For me, I have learned to try to greet pain as the occasional visitation of an old friend. A friend who has pushed me to my limits and stretched me and who, most importantly, has introduced me to another who also knows it well. It is Him and our Father’s plan that I chose. Pain in this life sometimes reminds me of that. It reminds me that I am quite alive and there is great power in that. I wouldn’t have the relationship with my Savior that I do now, had I not been drawn to my knees at such a young tender age. To really know and understand pain is possibly one of the greatest gifts of our mortal experiences. Without it we wouldn’t know joy. I always pray that when I see the presence of pain in others’ lives, I will recognize it, and not turn away from it, but do my best to help lift, love, and encourage them. Perhaps help quicken their coming to know the Savior as well.
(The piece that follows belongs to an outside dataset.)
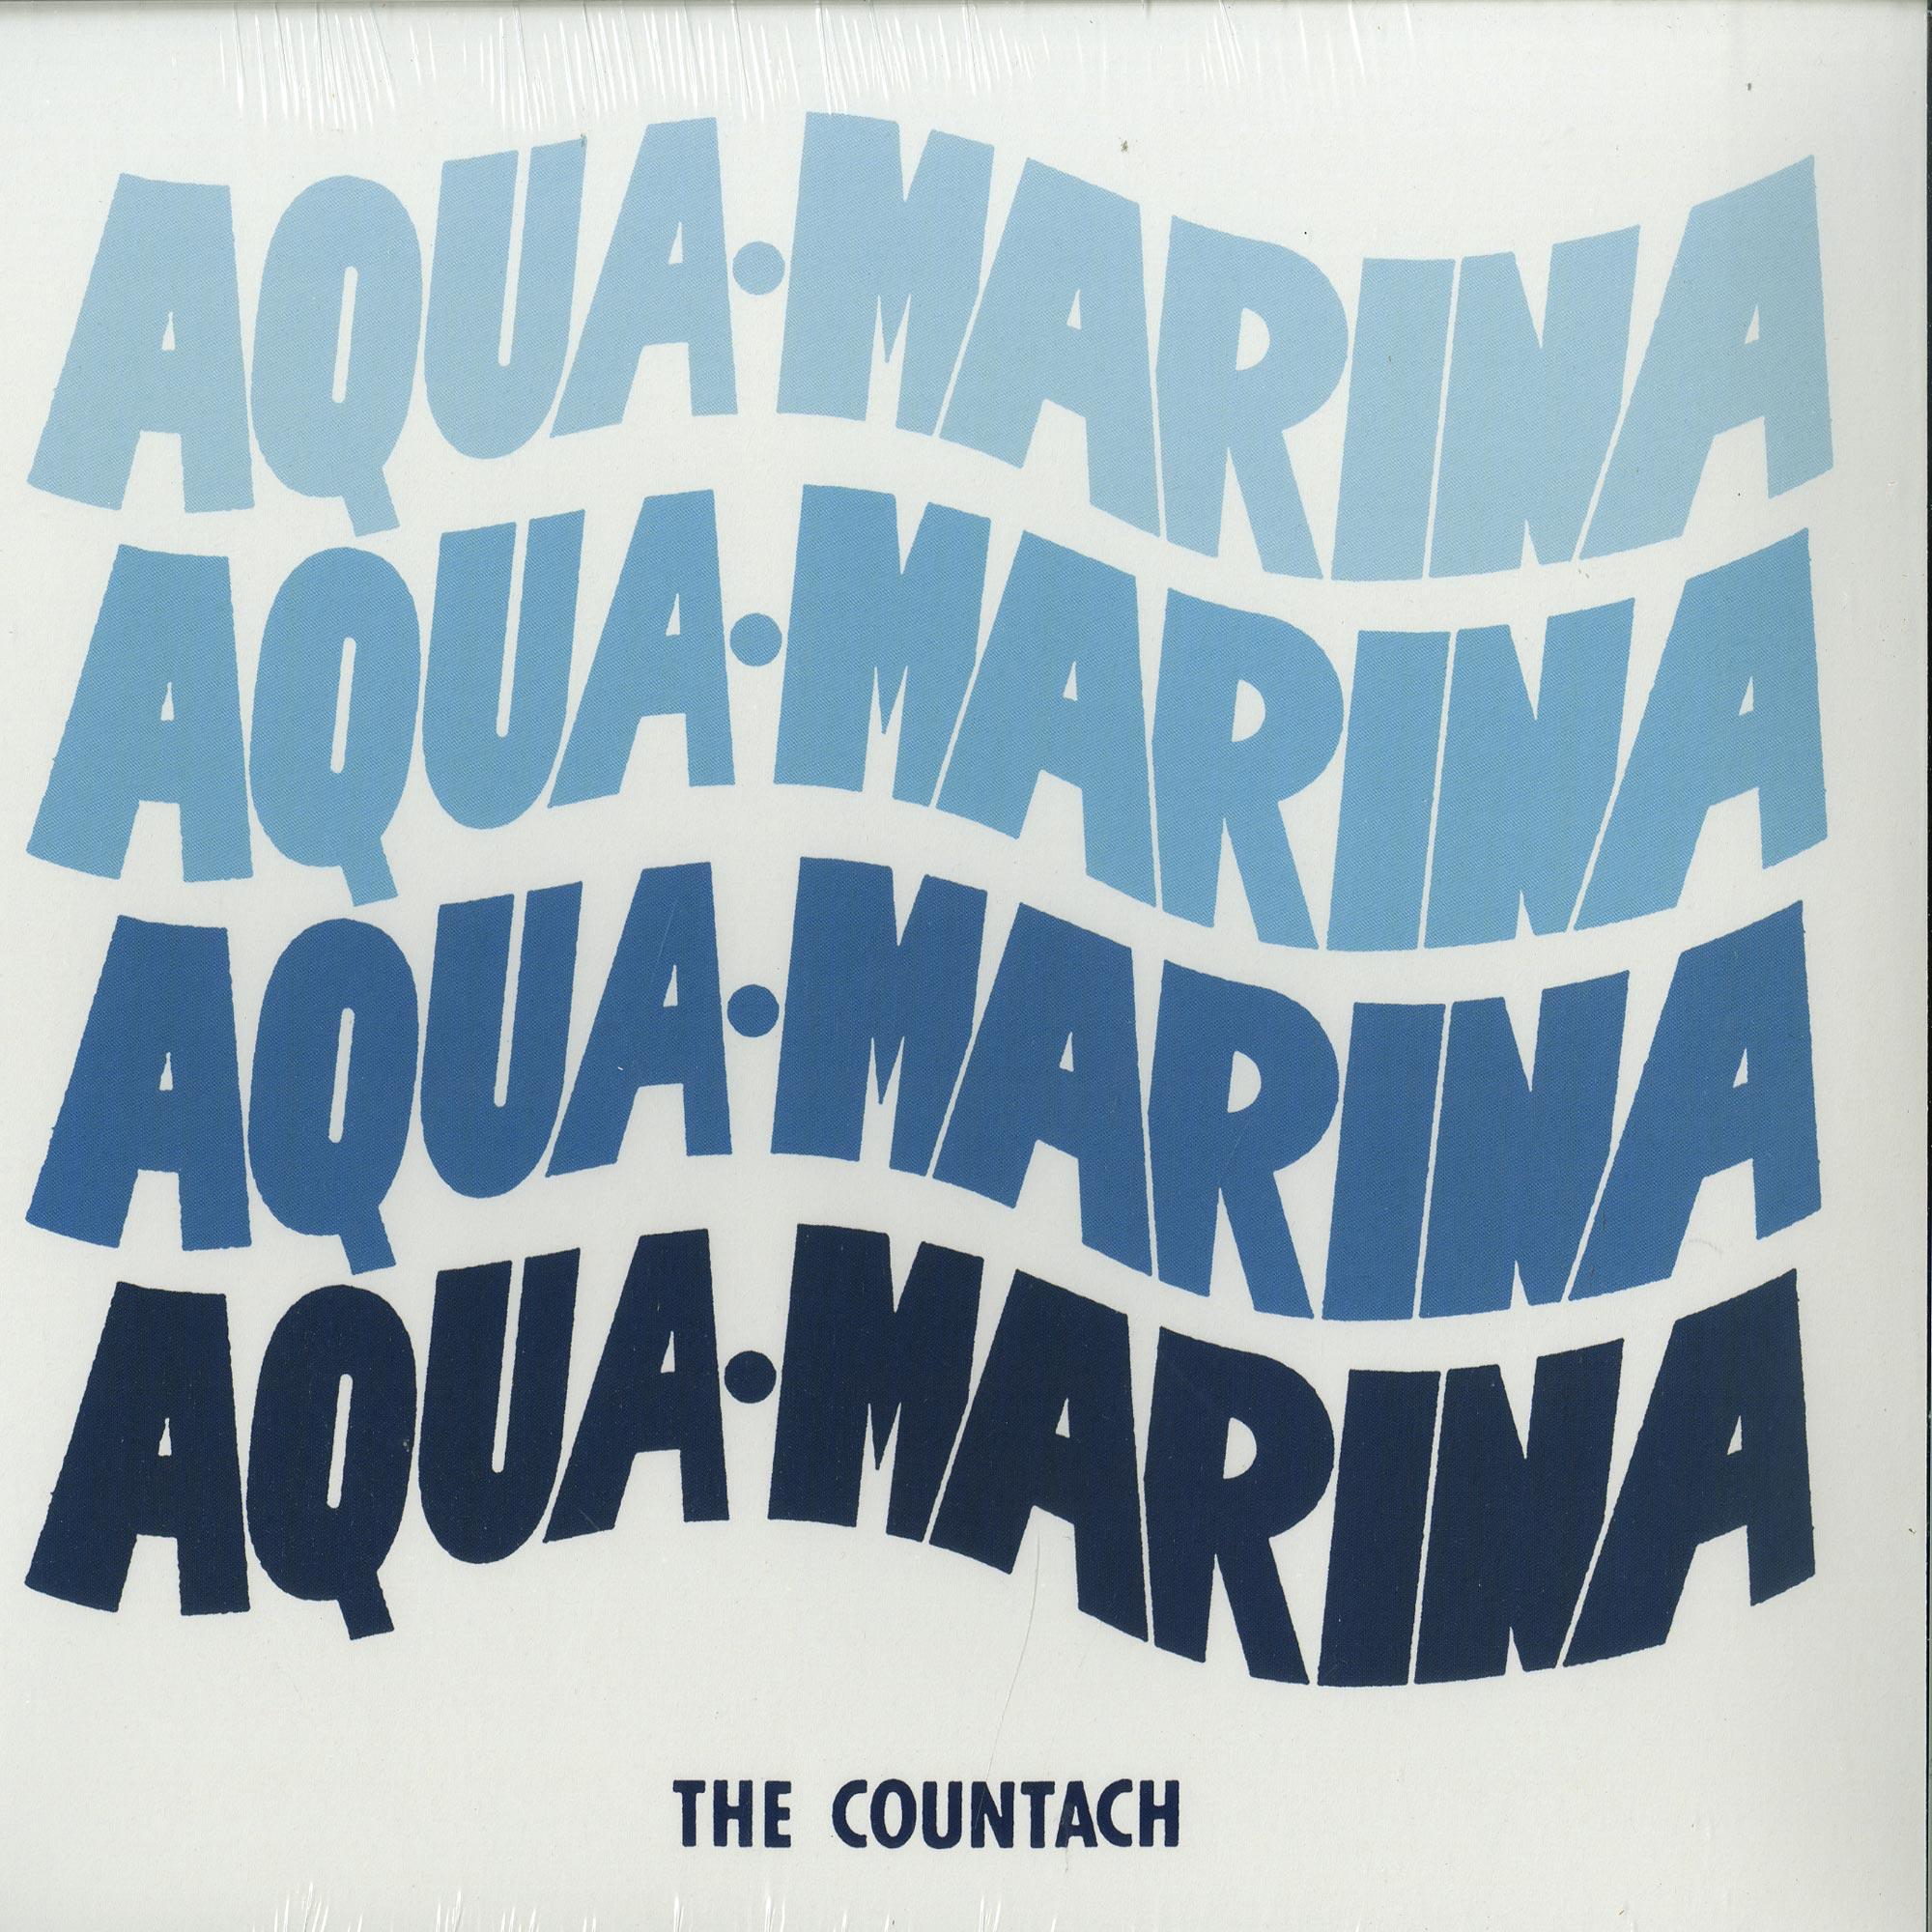 The Countach - AQUA MARINA

No one can truly determine the amount of someone else’s applying the atonement of Christ (except maybe an authorized Priesthood leader). One person may get up out of bed and live a seemingly normal life, another person may be bed-ridden for weeks at a time. The two may have equally sacred relationships with God.
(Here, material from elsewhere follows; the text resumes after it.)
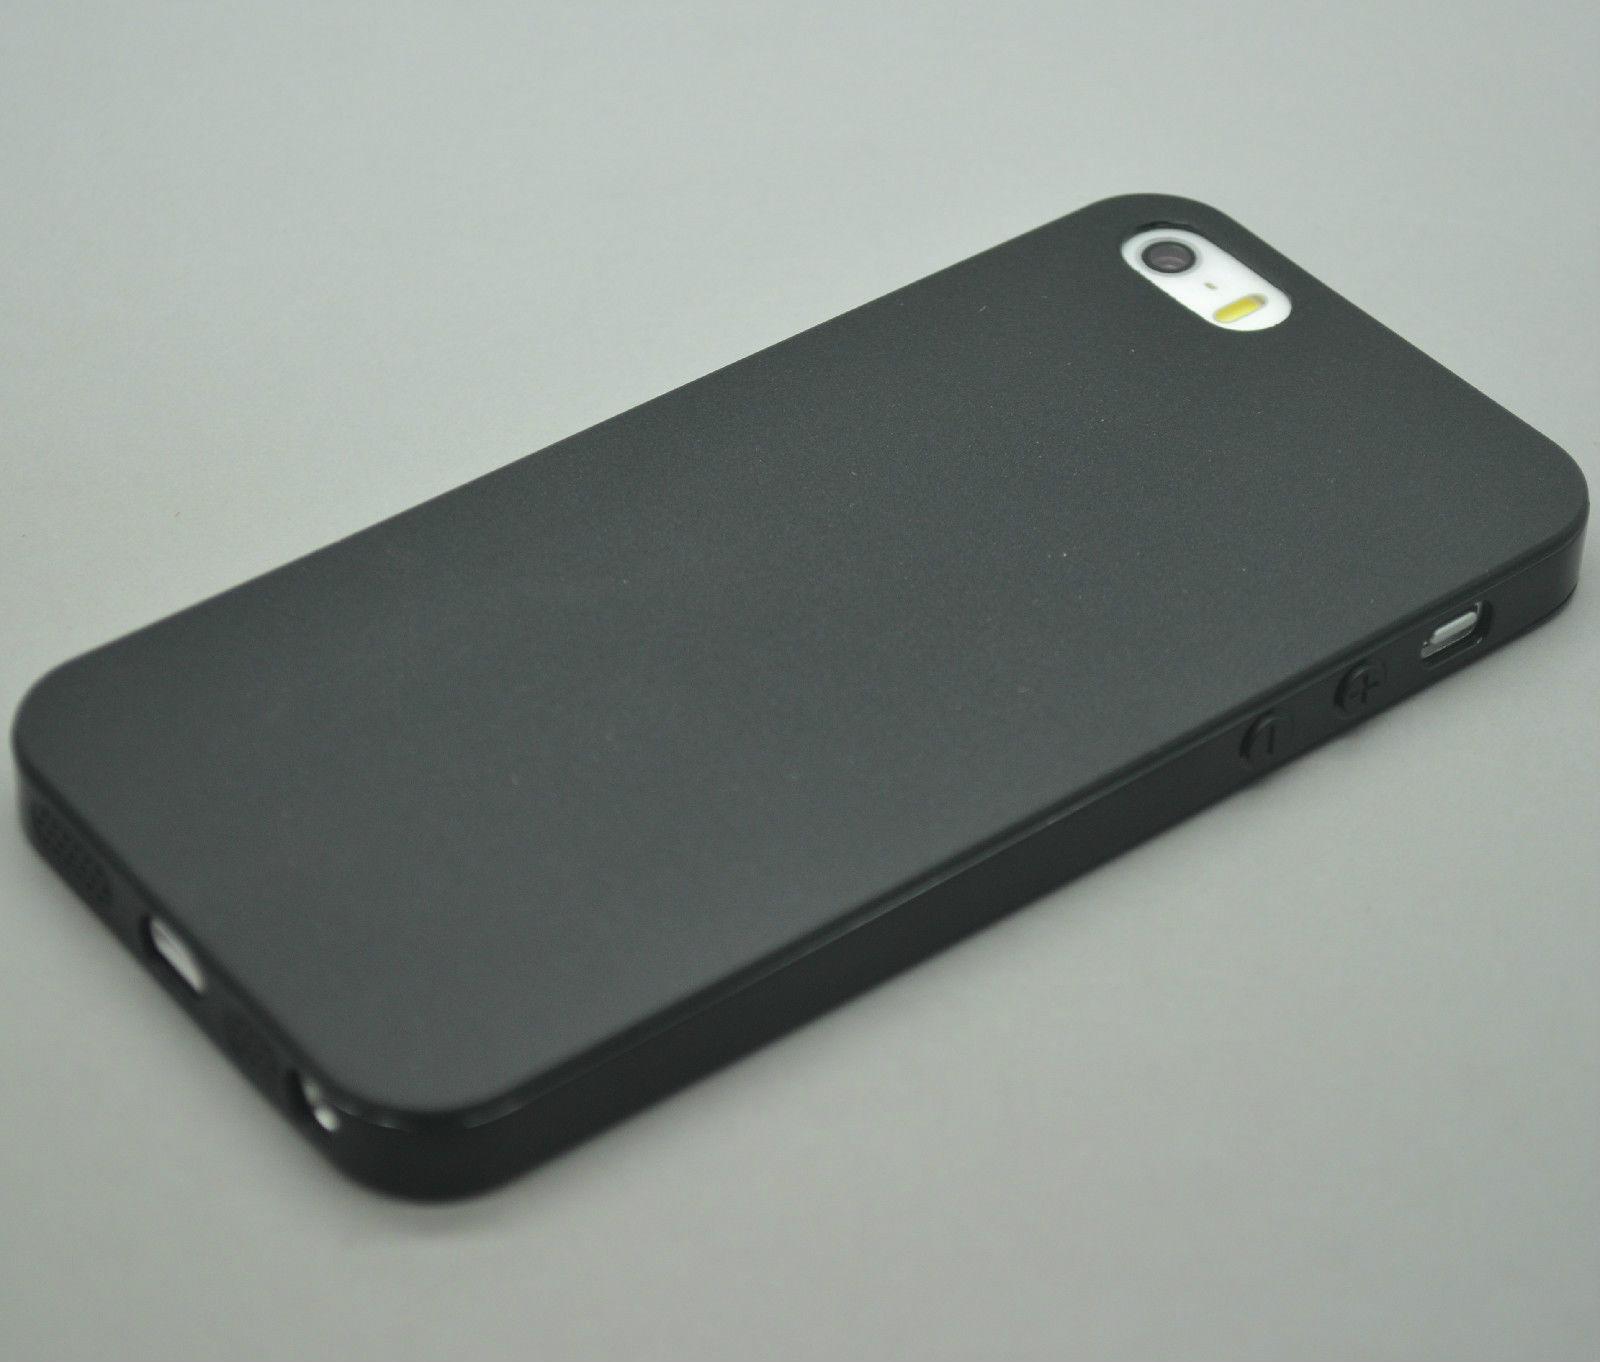 ULTRA SLIM RUBBER SOFT SILICONE GEL SKIN BUMPER CASE COVER ...Iphone 5s Rubber Bumper

So, having said all of this, this post is not a way for me to try to convince myself of what I want to believe. It’s what I know about myself and what I have felt as I have gotten to know others in some of the most painful situations this life has to offer. It’s not a post to belittle or deny the differences that we all have in the way we have been raised or what views have been instilled in our minds. Quite the opposite, actually. Its more of a prayer for people to just try to understand - to just try to embrace peoples’ stories and see the good in them, no matter what they may be. This journey is a hard one and the least any of us can do is see that we may not know the whole truth in someone else’s situation and that we should love them for the divine beings they are rather than just the “convenient” parts of them. The least we can do is try to bring others closer to Christ by sharing His love and mercy with them. Because truly, are we not all broken? Are we not all beggars requiring as much of that love as possible? How wonderful it be to one day rejoice with one another in our perfected states. Until then...hello pain, my old friend.